Die Schweiz scheint ein gutes Anschauungsobjekt für die Folgen eines Brexits zu sein: Das Land ist nicht in der EU und stimmte 2014 zu 50,3 Prozent für eine Aufhebung der freien Zuwanderung. Schweizer Studenten wurden von dem bei jungen Wissenschaftlern beliebten EU-Austauschprogramm Erasmus ausgeschlossen. Das Schweizer Forschungsministerium musste eingreifen, als die EU-Mittel abrupt eingestellt wurden und die Arbeitskräfte auf dem Trockenen saßen. "Es besteht kein Grund anzunehmen, Großbritannien würde es nach dem Brexit besser ergehen", sagt Athene Donald vom Cavendish Laboratory and the European Research Council. Brüssel stimmte zu, die Schweizer vorübergehend als "Teil-Mitglied" zu behandeln und Zugang zu einigen Programmen zu gewähren, hauptsächlich für die Grundlagenforschung. Um an ein Assoziierungsabkommen und EU-Forschungsmittel zu kommen, muss wohl auch Großbritannien eine uneingeschränkte Freizügigkeit von Menschen aus der EU zulassen. Doch gerade die Einschränkung war eines der Hauptargumente der Brexit-Kampagne.

Knapp 52 Prozent stimmten in der vergangenen Woche für einen Austritt aus der EU, das waren 17.410.742 Brexit-Befürworter, 16.141.241 votierten für ein "Remain", den Verbleib in der europäischen Gemeinschaft. Neben Ökonomen, Unternehmern und Politikern hatten auch Wissenschaftler just vor diesem Ausgang gewarnt. 159 Mitglieder der Royal Society an der Universität von Cambridge bezeichneten im März dieses Jahres einen Ausstieg als "eine Katastrophe für die britische Wissenschaft". Vor allem, weil es junge Forscher in ihrer Freizügigkeit in Europa beschränken würde. In einem Bericht des House of Lords hieß es im April, dass "die überwältigende Mehrheit der britischen Wissenschaftsgemeinschaft " gegen einen Brexit sei. Das bestätigt auch eine Umfrage der Zeitschrift Nature im Vorfeld der Abstimmung: 83 Prozent der britischen Wissenschaftler sprachen sich gegen einen Brexit aus.

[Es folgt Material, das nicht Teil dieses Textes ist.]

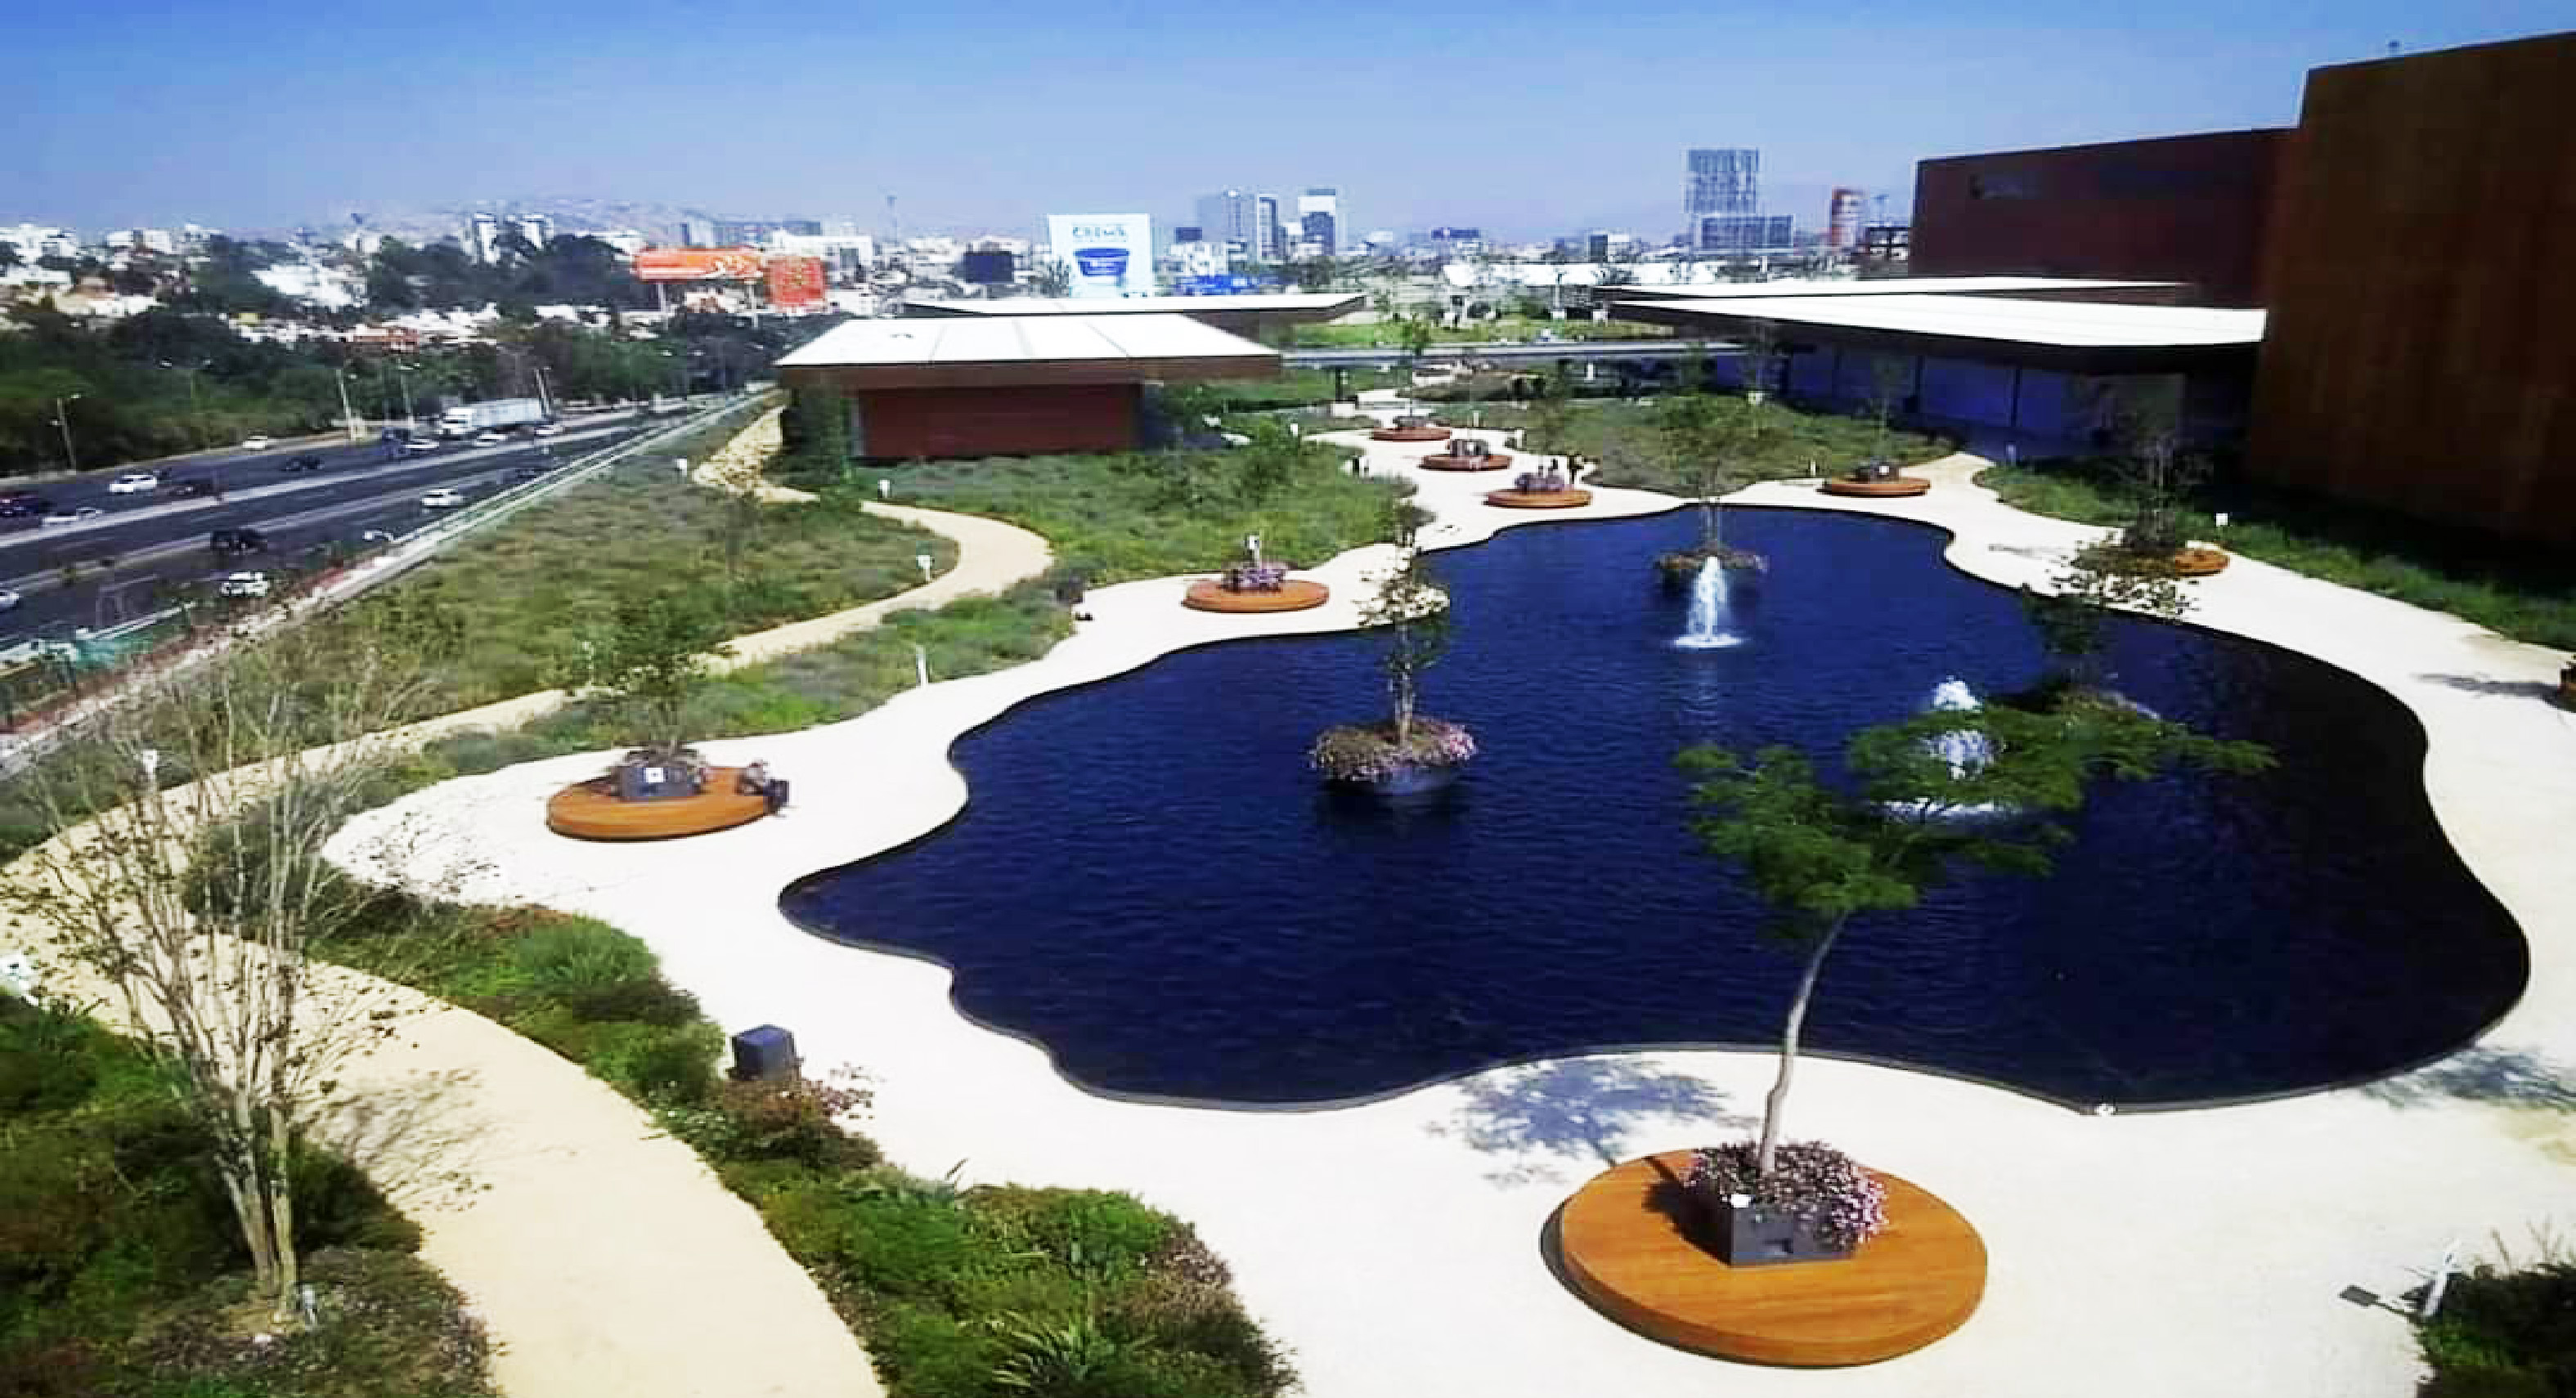 Nuevo centro comercial mexiquense con el parque más grande del mundo en su azotea || VIDEO

Zweifelsohne profitieren auch die anderen EU-Länder von dem Austausch: 16 Prozent der einflussreichsten Paper weltweit sind unter der Beteiligung von britischen Forschern entstanden. Die Förderanträge von der Insel sind in Brüssel daher gern gesehen. Aber die Briten haben mit dem Ausgang des Referendums vielleicht noch mehr zu verlieren: Denn die Freizügigkeit der Forscher von der Insel geht das Hand in Hand mit der Finanzierung von Forschungsprojekten, macht Mike Galsworthy deutlich. Der Gesundheits-Forscher am University College London hatte die Social-Media-Kampagne "Scientists for EU" ins Leben gerufen. "Die Unterstützung durch die EU ist ein Katalysator für internationale Zusammenarbeit", sagt er. Die EU finanziert Forschung auch für die Stärkung der europäischen Integration: Um den Zuschuss zu bekommen, sind in den meisten Programmen Mitarbeiter in anderen EU-Ländern nötig. Gerade jene kollaborativen Arbeiten zählen oftmals zu den einflussreicheren Veröffentlichungen.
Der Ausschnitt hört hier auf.